The FTC launched its investigation of Alexa in March 2000 to determine if the company's software improperly collected personally identifiable information and passed it to Amazon. Alexa's software monitors Internet users as they navigate Web sites to provide information about visited pages and to suggest related sites.

"We cooperated with the FTC every step of the way to explain how our technology works, and believe that our privacy policy reflected our practices," Alexa founder and chief executive officer Brewster Kahle said. "Alexa user privacy was protected at all times, and no personally identifiable user information has ever been used for any purpose."

Deceptive Practice

Although the FTC has declined to take any immediate action against Alexa, the FTC did advise Amazon that it had concluded that both Amazon and Alexa "likely were deceptive" about their privacy policies.

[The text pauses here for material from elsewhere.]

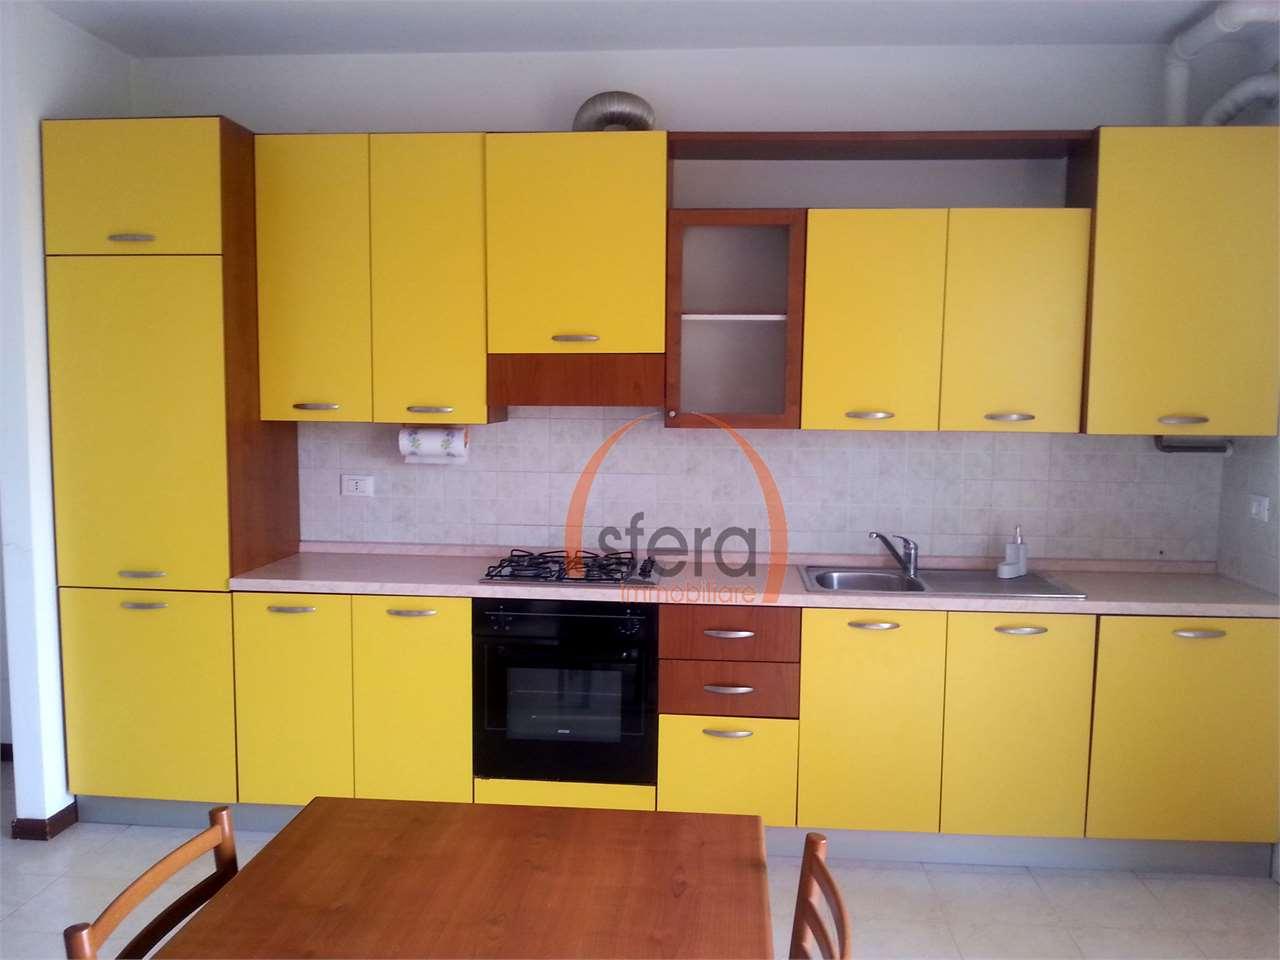 Appartamento in affitto a San Giorgio di Mantova, 2 locali, zona Zona: Tripoli, prezzo € 450 | Cambio Casa.it
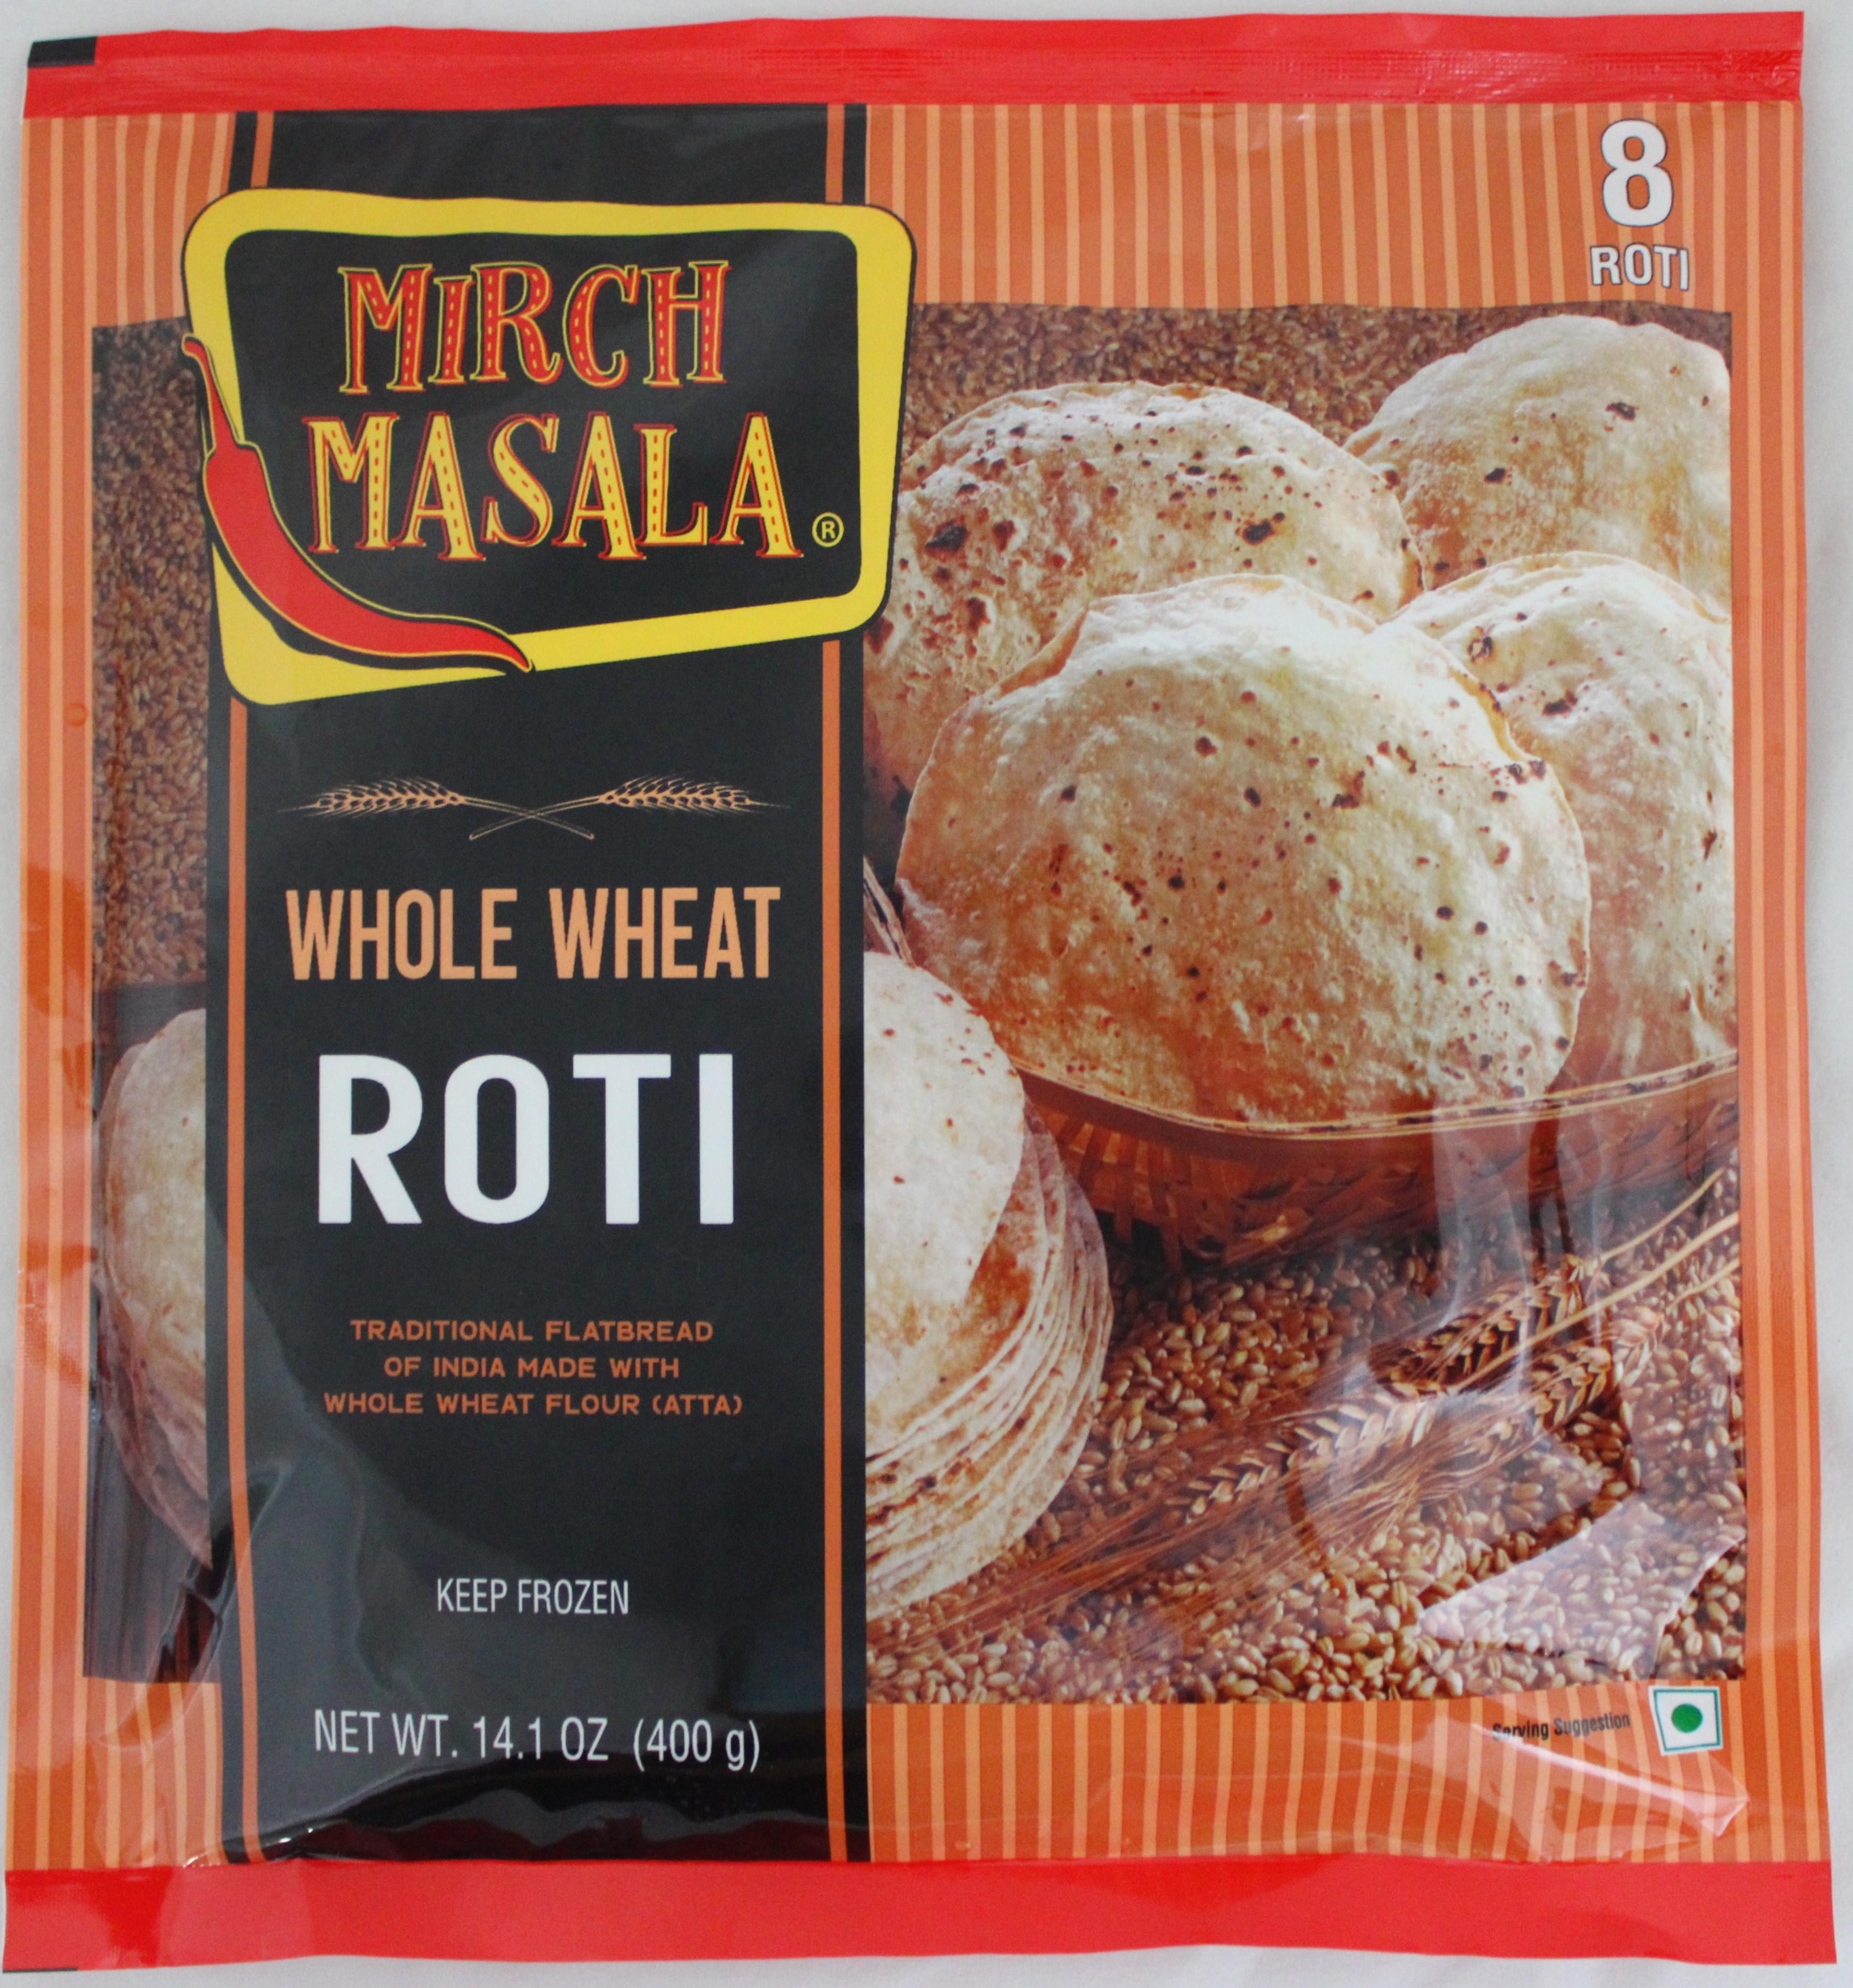 Whole Wheat Roti 8 pcs

The companies claimed they did not keep personally identifiable information in Alexa's database of Web-usage patterns, but have admitted that some information could be stored in the database inadvertently.

A letter sent by the FTC to Amazon's attorneys advised them that the decision not to take any action was made at the staff level and could later be revised.

Lawsuits Settled

Last month, Amazon and Alexa agreed to pay out almost US$2 million to settle civil suits filed by users who claimed that their personal information was collected and used without their permission.

Alexa also agreed to "destroy certain previously collected personal information so as to minimize, if not eliminate, the possibility of defendants to 'link' such information to an individual consumer's personally identifiable information."

Amazon and Alexa both declined to admit wrongdoing and said they were settling the suits to "put to rest all controversy and to avoid the further uncertainty, risk, expense and burdensome, protracted and costly litigation" that would be involved in prosecuting and defending the lawsuits.

Second Win

The FTC's decision not to take action against Alexa, at least in the short term, is the second time in recent days that Amazon has escaped unscathed from an FTC investigation.

On Friday, FTC officials said Amazon did not break federal law when it changed its privacy policy in September by explicitly telling its customers their personal information could be sold if the company were to go out of business or sell off one of its divisions.

In letters to EPIC and Junkbusters, the two groups that filed the privacy complaint about the change in policy, the FTC's Jodie Bernstein said that the agency "believes that Amazon's revised privacy policy does not materially conflict with representations Amazon made in its previous privacy policy and that it likely has not violated Section 5 of the FTC Act."